Nos processos de objetividade e subjetividade, elos entre o lidar consigo mesmo e com os outros se constituem como problemática a ser vivenciada. O sujeito humano deve interagir com os objetos e com as regras do meio, mas deve também interagir com suas próprias limitações, com suas possibilidades e impossibilidades, com suas carências, afetos, com sua incompletude enquanto ser vivente. Se educar é buscar o bem estar do humano em todo este contexto, o espaçotempo educativo deve priorizar construções de processos harmônicos com as condições da vida humana, em interação com a natureza do próprio homem e da própria vida planetária. Enquanto espaçotempo para ser vivenciado em sua cotidianidade, a escola dos sujeitos em processos de interações permanentes deve-se voltar à compreensão de que todo conhecimento é, na verdade, “conhecimento do outro”.

Constituímos-nos como sujeitos a partir do desejo e do conhecimento dos outros, mas é no processo de conscientização de nossas limitações e de nossas conquistas que nos tornamos humanos. A escola, enquanto lócus social criado na modernidade, necessita com demasiada urgência rever suas funções e estabelecer vínculos maiores com o tempo presente que ora vivenciamos, repleto de novas conquistas em todos os aspectos da atividade humana. Novos modelos de se pensar a realidade e a vida surgem na ciência e na tecnologia, mas podemos observar que toda esta movimentação tem pouca apropriação no âmbito educacional. A necessidade de mudanças significativas se faz presente quando a escola se vê como um espaço de distanciamento desta evolução. Se os paradigmas científicos mudam, se evolui a tecnologia e o pensamento filosófico, a escola também deve acompanhar todo este processo, visto sua importância como instituição social construída para ser espaço privilegiado de transmissão da herança cultural acumulada pela humanidade através de sua história.
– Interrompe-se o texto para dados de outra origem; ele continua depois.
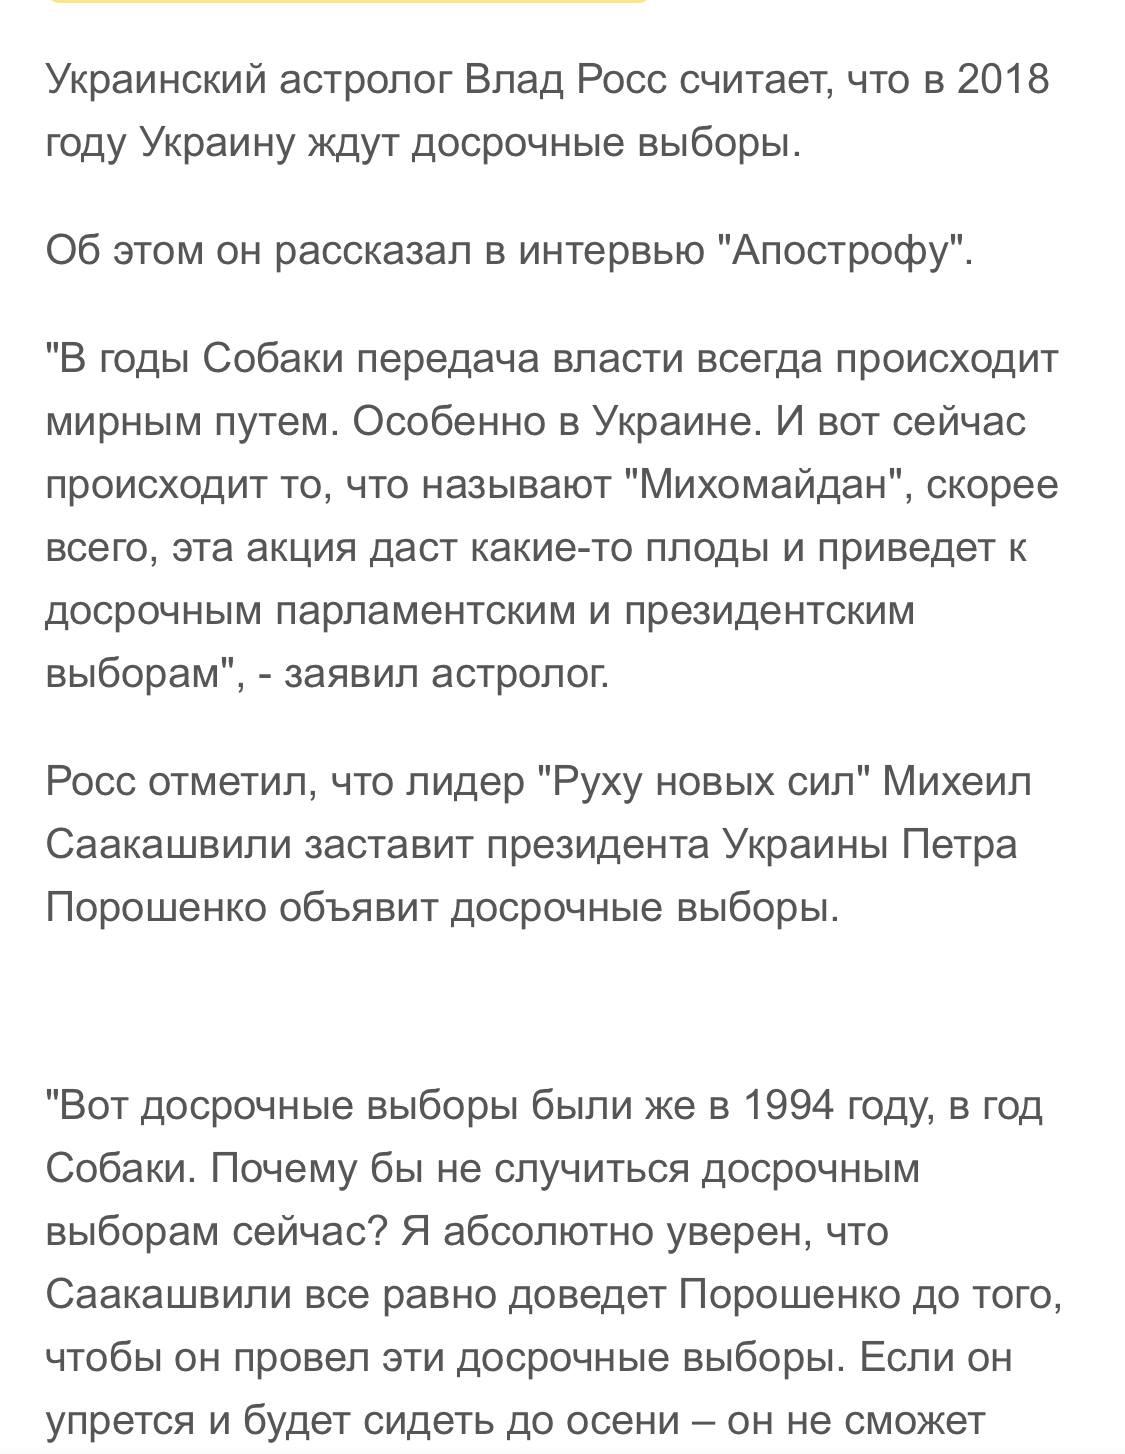 0,37% избирателей из Крыма изменили место голосования, чтобы принять участие в выборах - Цензор.НЕТ 4953

A importância da educação na formação da subjetividade humana é imensa. Cada ensinante e cada aprendente são diferentes porque são únicos e possuem sua própria carga de valores, conceitos e preconceitos. Conviver com estas diferenças é tarefa complexa, que exige formação permanente e continuada. Enquanto humanos, somos seres aprendentes na grande viagem da Vida, na espaçonave Mãe Terra, nossa casa comum, com nos ensina Leonardo Boff. Aprendentes em nossos imensos desafios, vivenciados na cotidianidade relacional que estabelecemos com o mundo, com os outros seres humanos e com nossa própria dimensão existencial, necessitamos compartilhar, estarmos enredados na trajetória do conhecer, do ser e do saber.

De acordo Juan Deval os “humanos não só aprendem, mas também o fazem sistematicamente e dedicam a isso boa parte se sua vida.” Desta forma, devemos fazer com que esta ação humana essencial ocorra de modo a ser significativa e que contribua para nos apropriarmos da objetividade da vida, sem perder nossa dimensão subjetiva. Informações e conhecimentos só podem ser validados quando apropriados e transformados em sabedoria.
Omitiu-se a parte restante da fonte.